After nearly half a minute of this, her head snapped back up and she cried out, "They want me dead!"
"Who wants you dead, River?" asked Book, hoping River knew who was hunting them.
"The Alliance, the Council, demons."
"It's alright, River," soothed Book. "I'll keep you safe." And he swore to himself, yet again, that he would.
"What now?" asked River, in one of her brief moments of complete lucidity. In some ways these moments frightened Book more than her psychotic rambling moments; at moments like these River would get this intense, focused look on her face that was too driven, too blank—too dead.
"Now we kill whoever is trying to kill us," replied Book coldly and calmly.
"Not very preacher-like," mocked River in a sing-song voice.
"No," agreed Book, chuckling despite the heaviness that had descended over his heart.
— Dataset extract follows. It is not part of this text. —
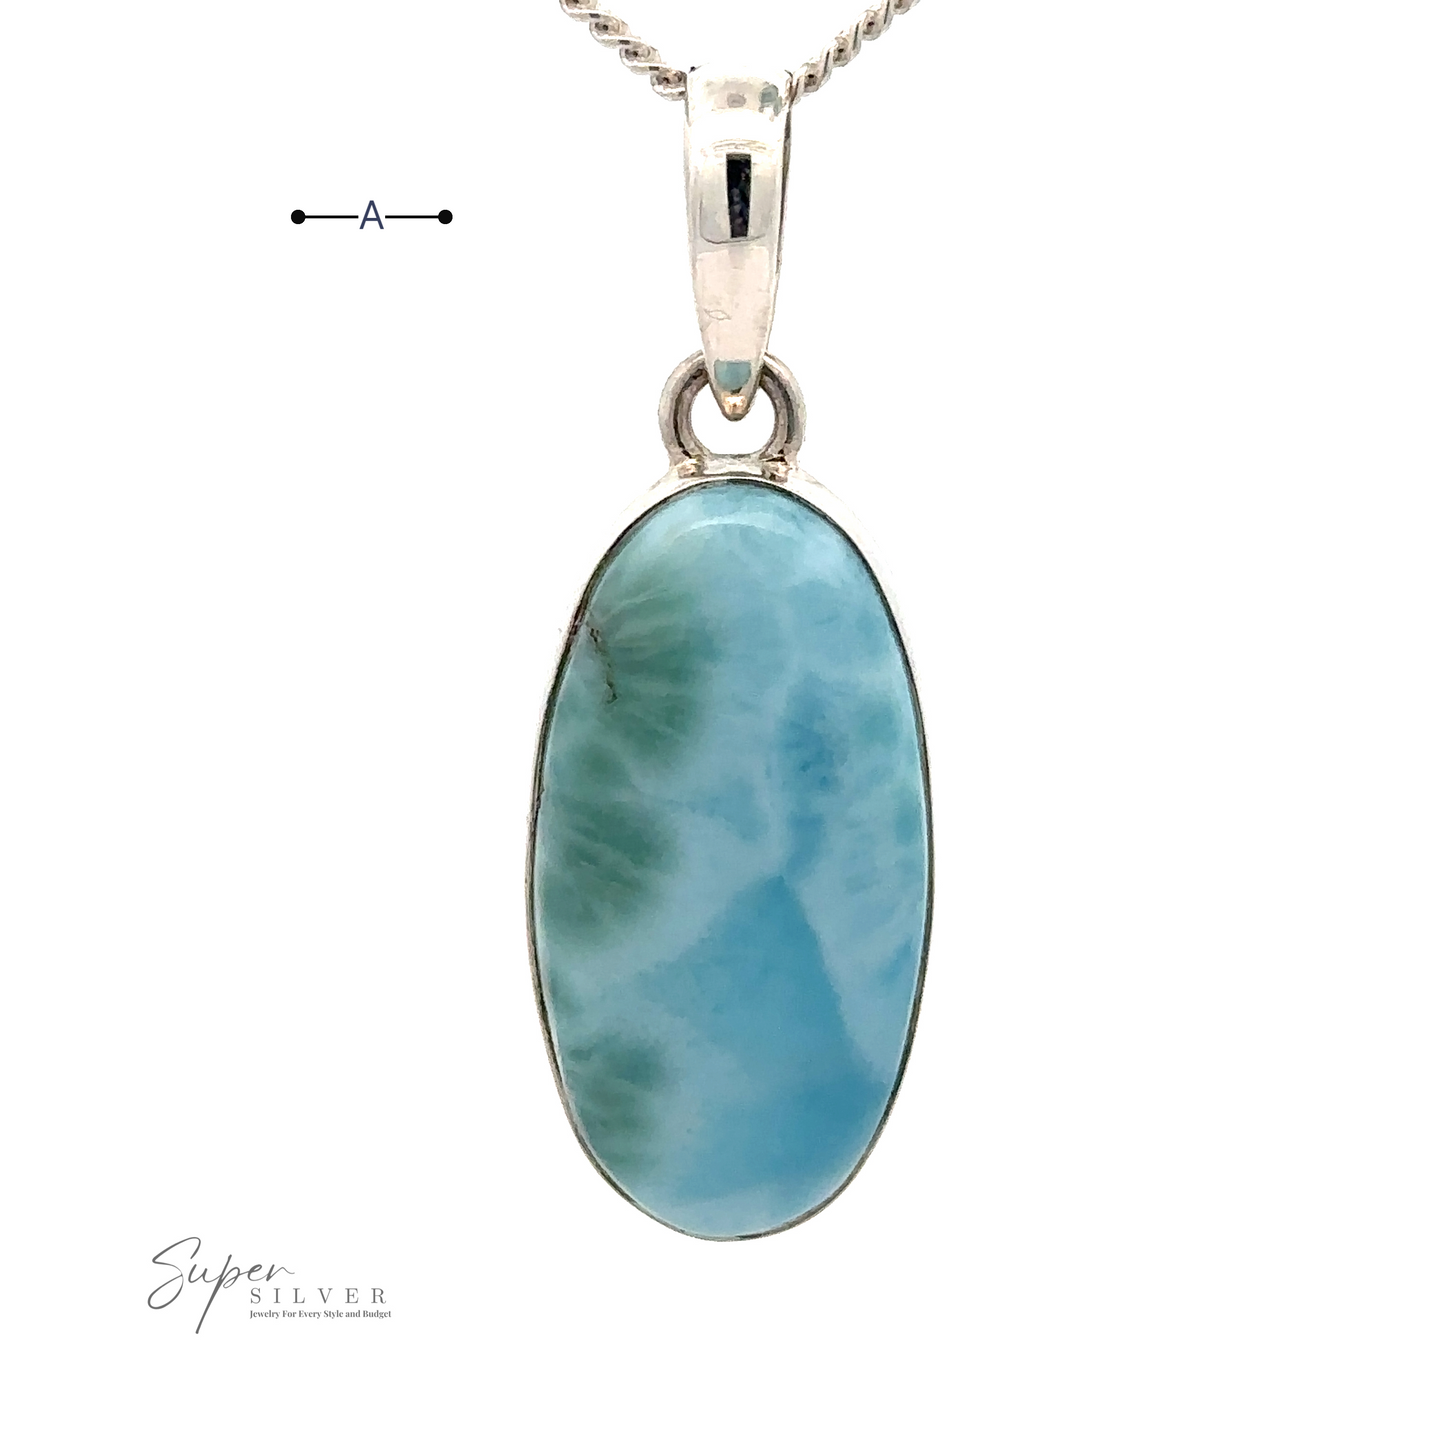 
                  
                    A Beautiful Long Oval Larimar Pendant with an oval-shaped blue-green Larimar gemstone, known for its origins in the Dominican Republic, is set in a .925 Sterling Silver frame. The pendant hangs on a silver chain against a plain white background. "Super Silver" is written in the bottom left corner.

"Who is it?" asked River avidly.
"I don't know," sighed Book. "Like you said before: 'the Alliance, the Council, demons?'"
"If it's the Alliance," posited River, "we run. Run just as fast as we can, to the middle of nowhere. They can't know where we are. It doesn't matter what Simon Says, he can't come with us. I made it dangerous; I make it dangerous. Run, run. Flow away like other rivers. Run."
"We're in the same boat if it's the Council behind this," agreed Book. "If either the Alliance or the Council knows that we are on Serenity, they will hunt down Serenity and kill everyone on her. The Council has a lot of friends spread around." Book again thanked G-d that, in that communique he had sent the Council upon first meeting River, he had not named Serenity.
Again with a frighteningly lucid gaze, River told him, "No power in the 'verse can stop me."
"Try to get some sleep; we'll hunt them back come morning."